■ DATA FOR THIS EXERCISE:
___

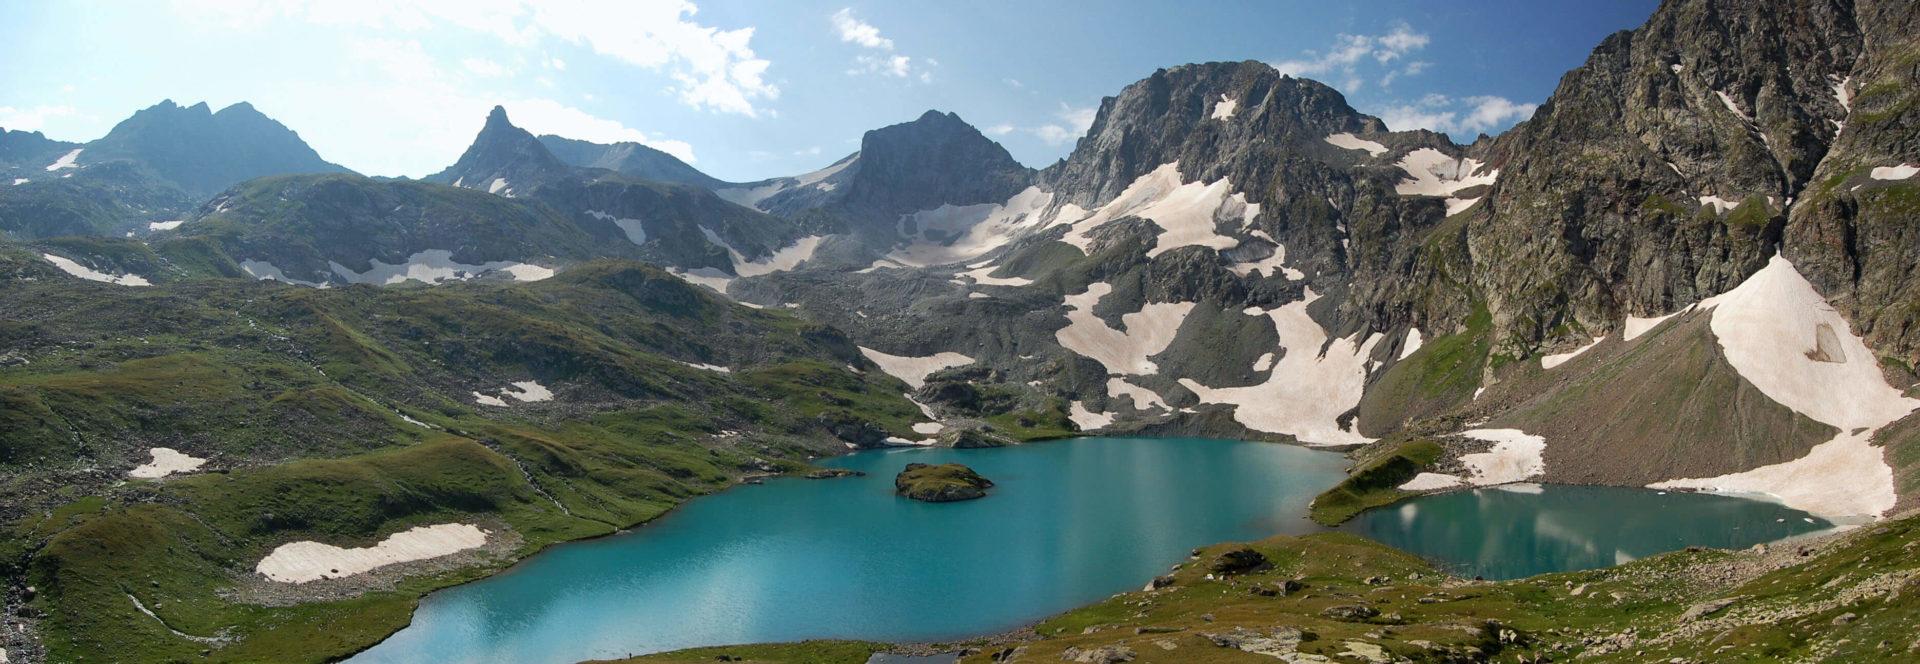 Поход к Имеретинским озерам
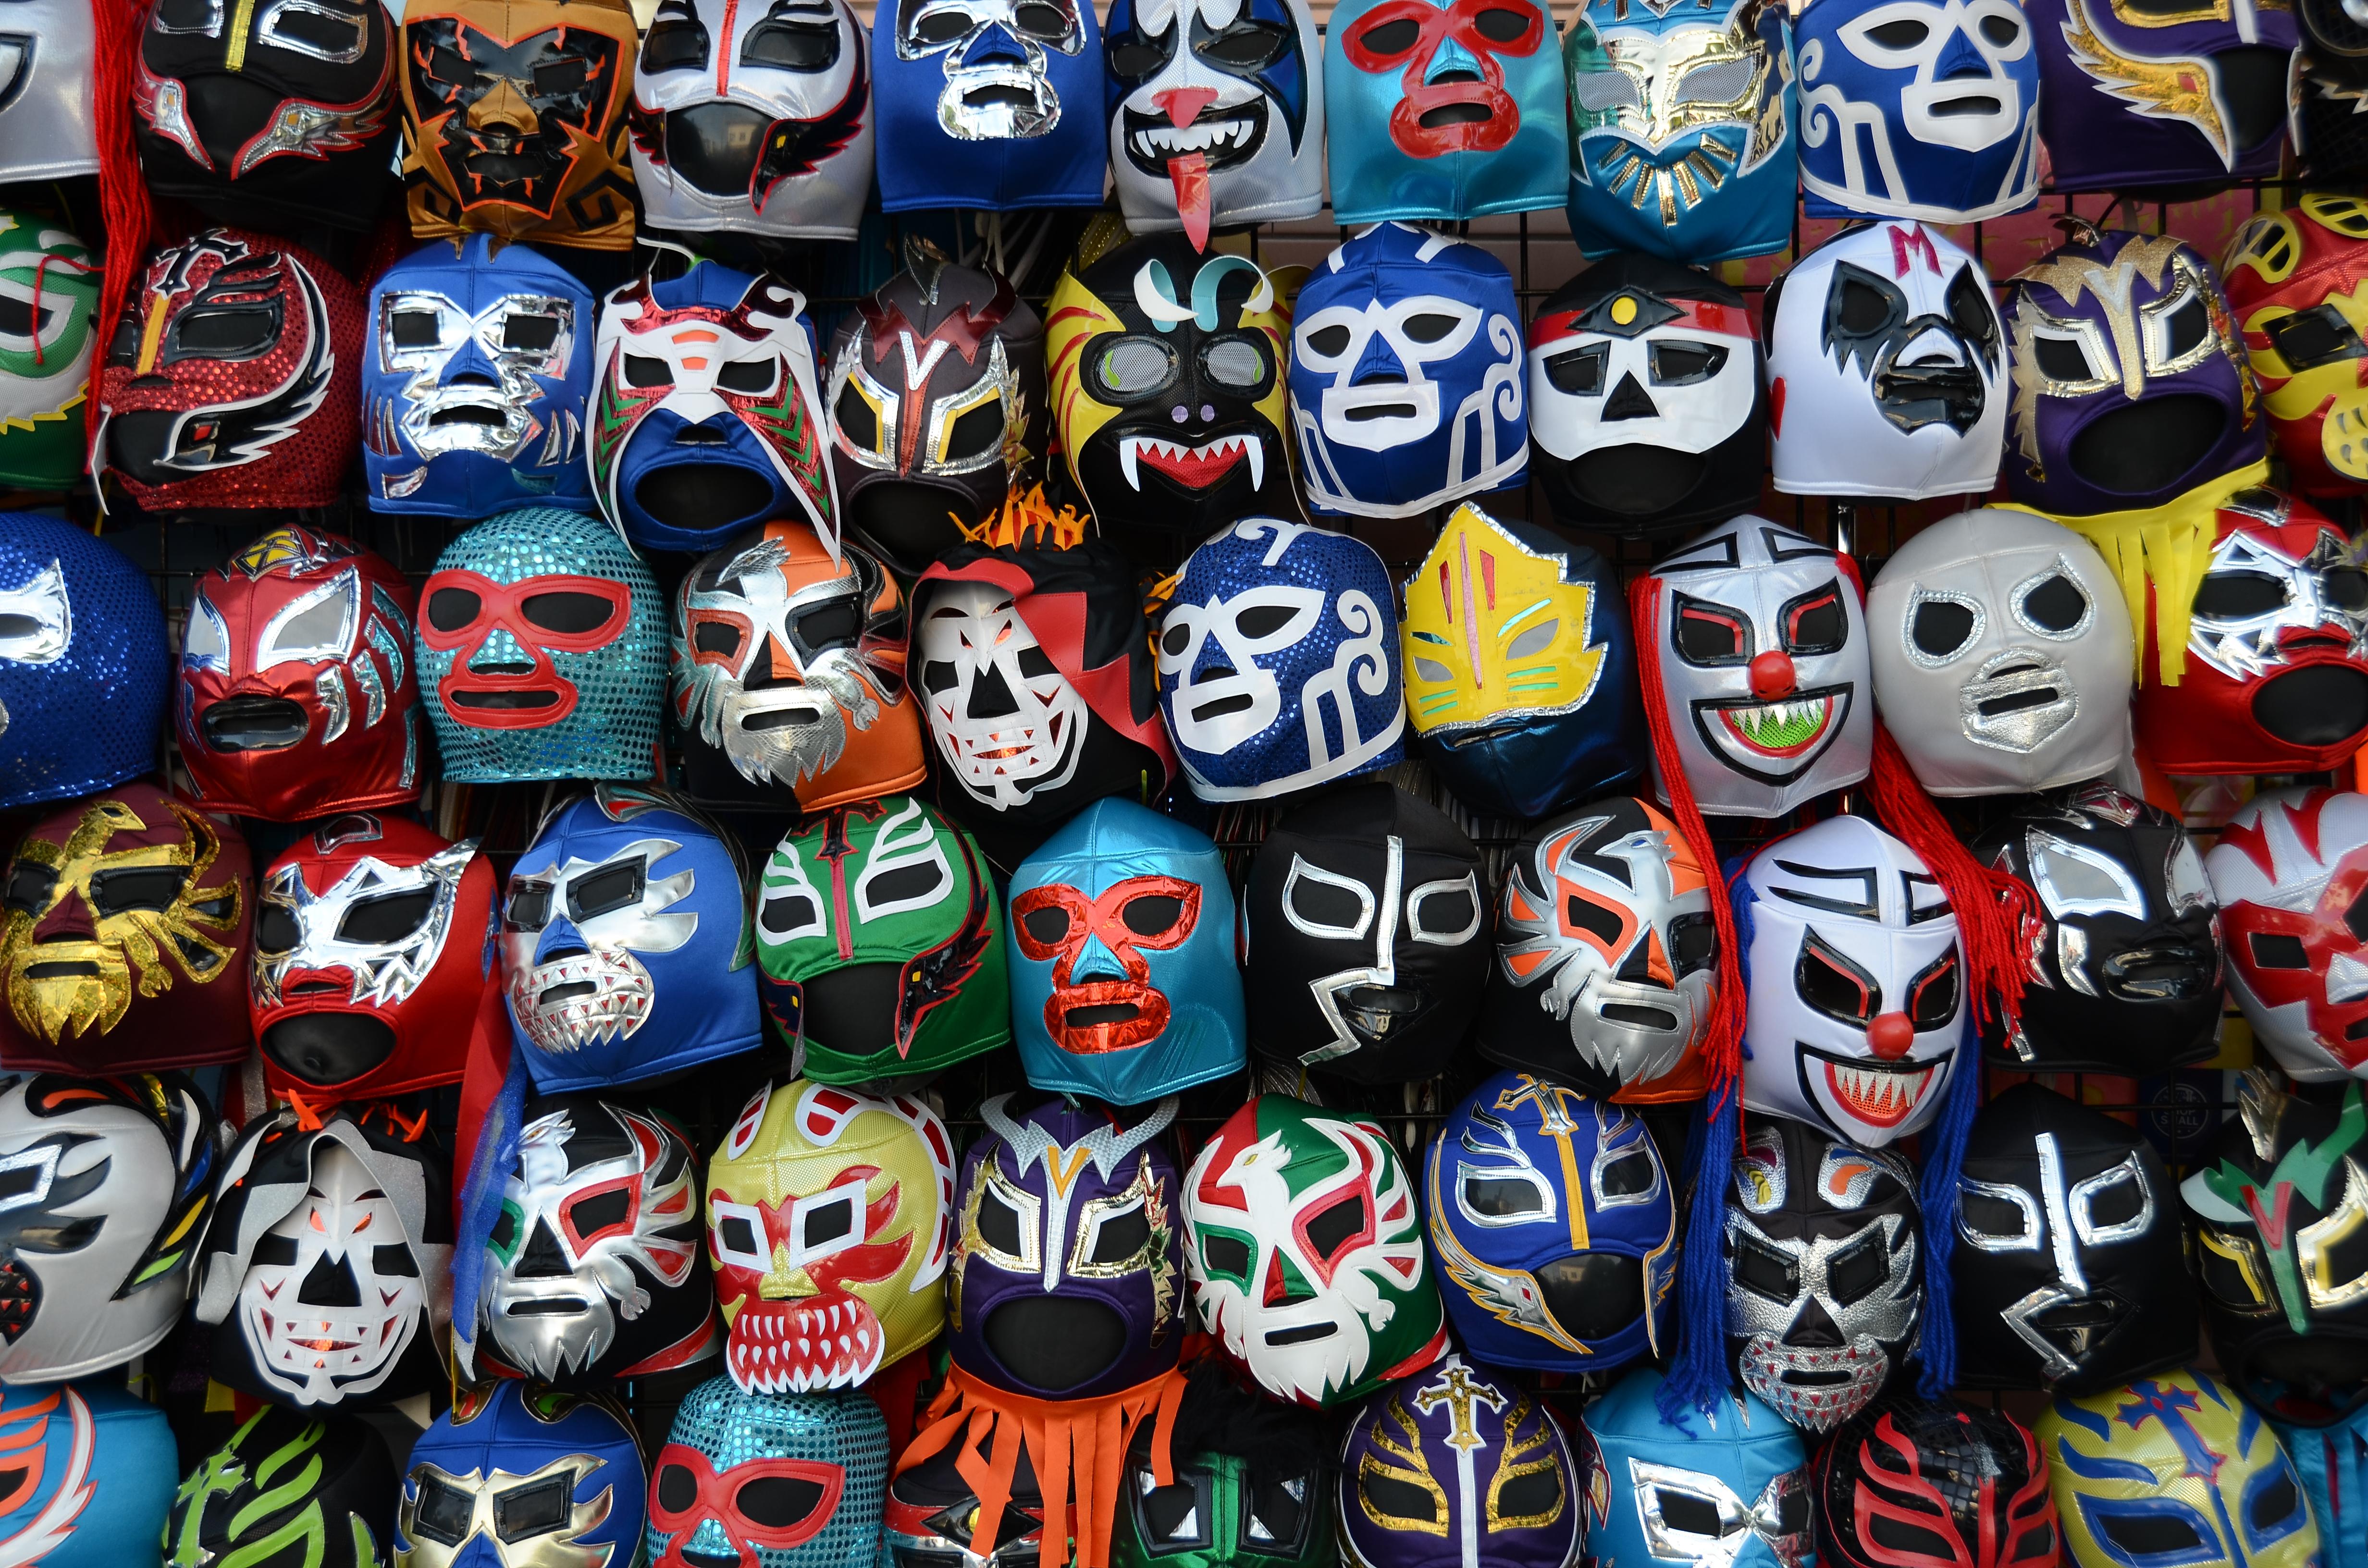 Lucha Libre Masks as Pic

___

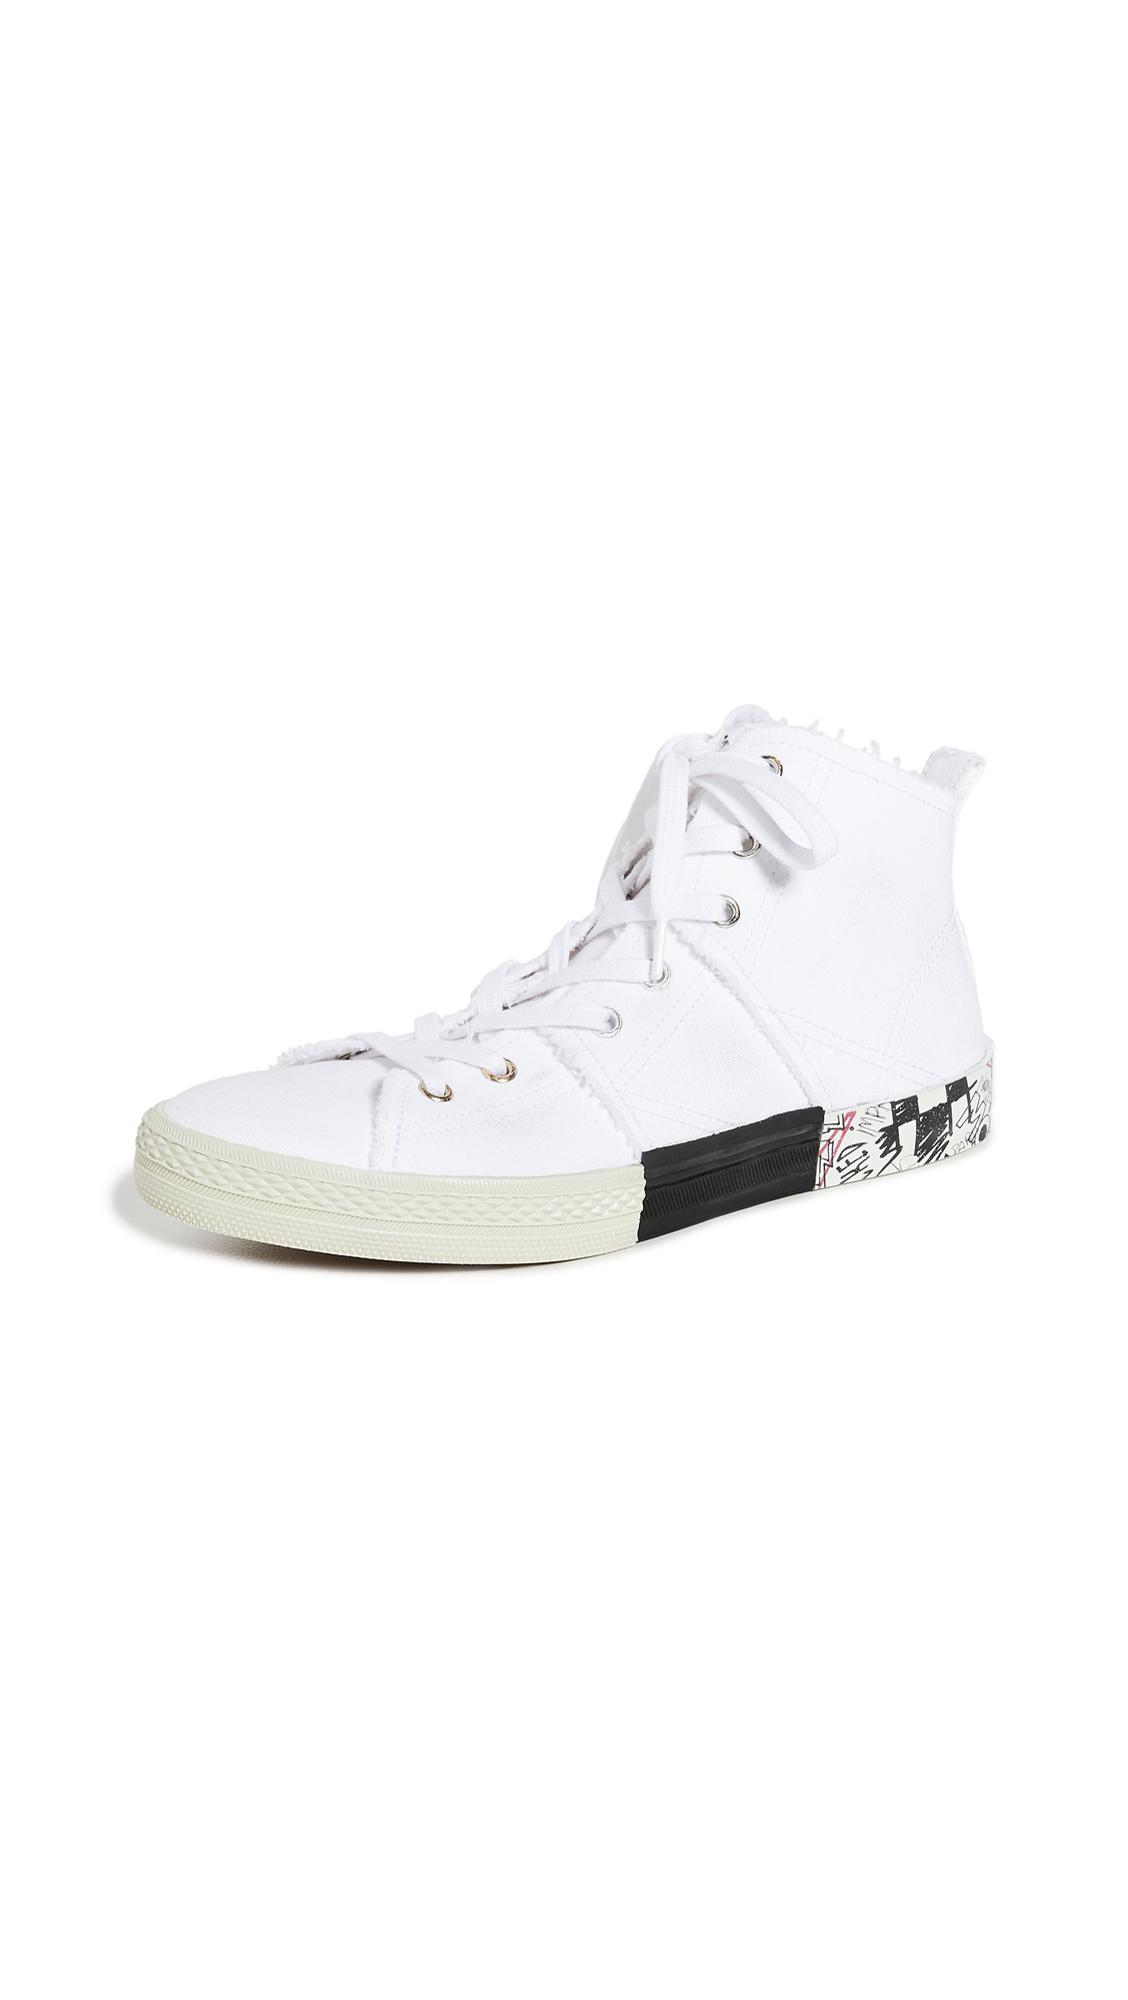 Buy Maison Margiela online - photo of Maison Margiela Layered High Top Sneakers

___

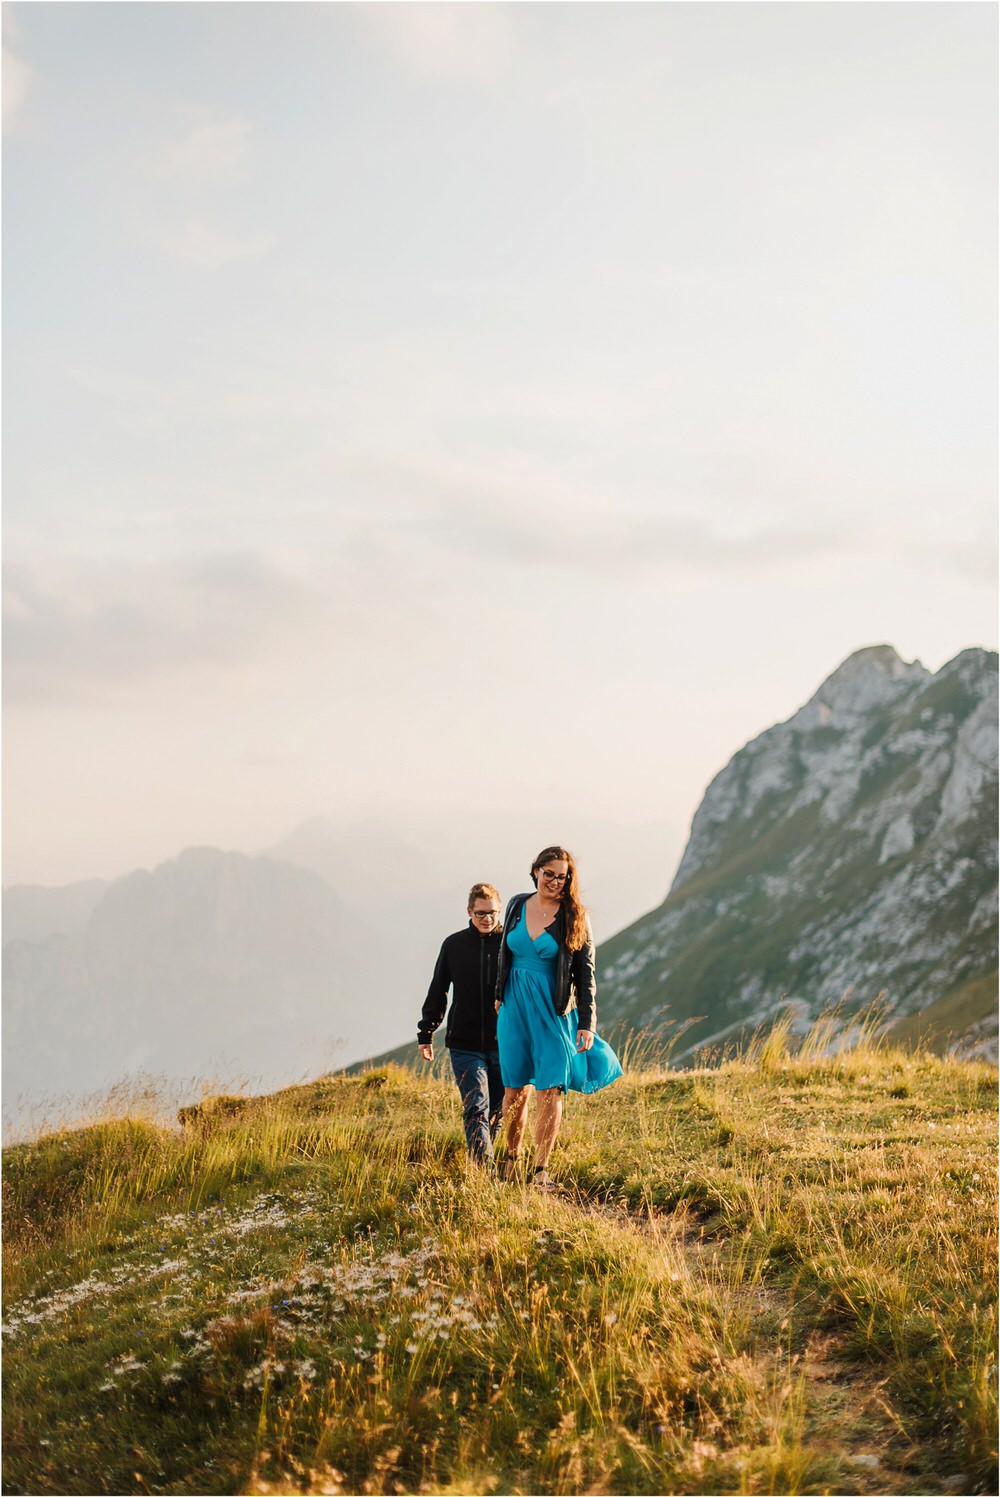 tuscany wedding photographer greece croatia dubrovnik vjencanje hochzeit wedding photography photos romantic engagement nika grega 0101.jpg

___

■ EXERCISE AIM:
Would you restate, exactly and with no pictures, the lines of the entries above from the one containing "Поход к Имеретинским озерам" through the one containing "Lucha Libre Masks as Pic"?

■ WRITTEN SOLUTION:
 Поход к Имеретинским озерам
 Lucha Libre Masks as Pic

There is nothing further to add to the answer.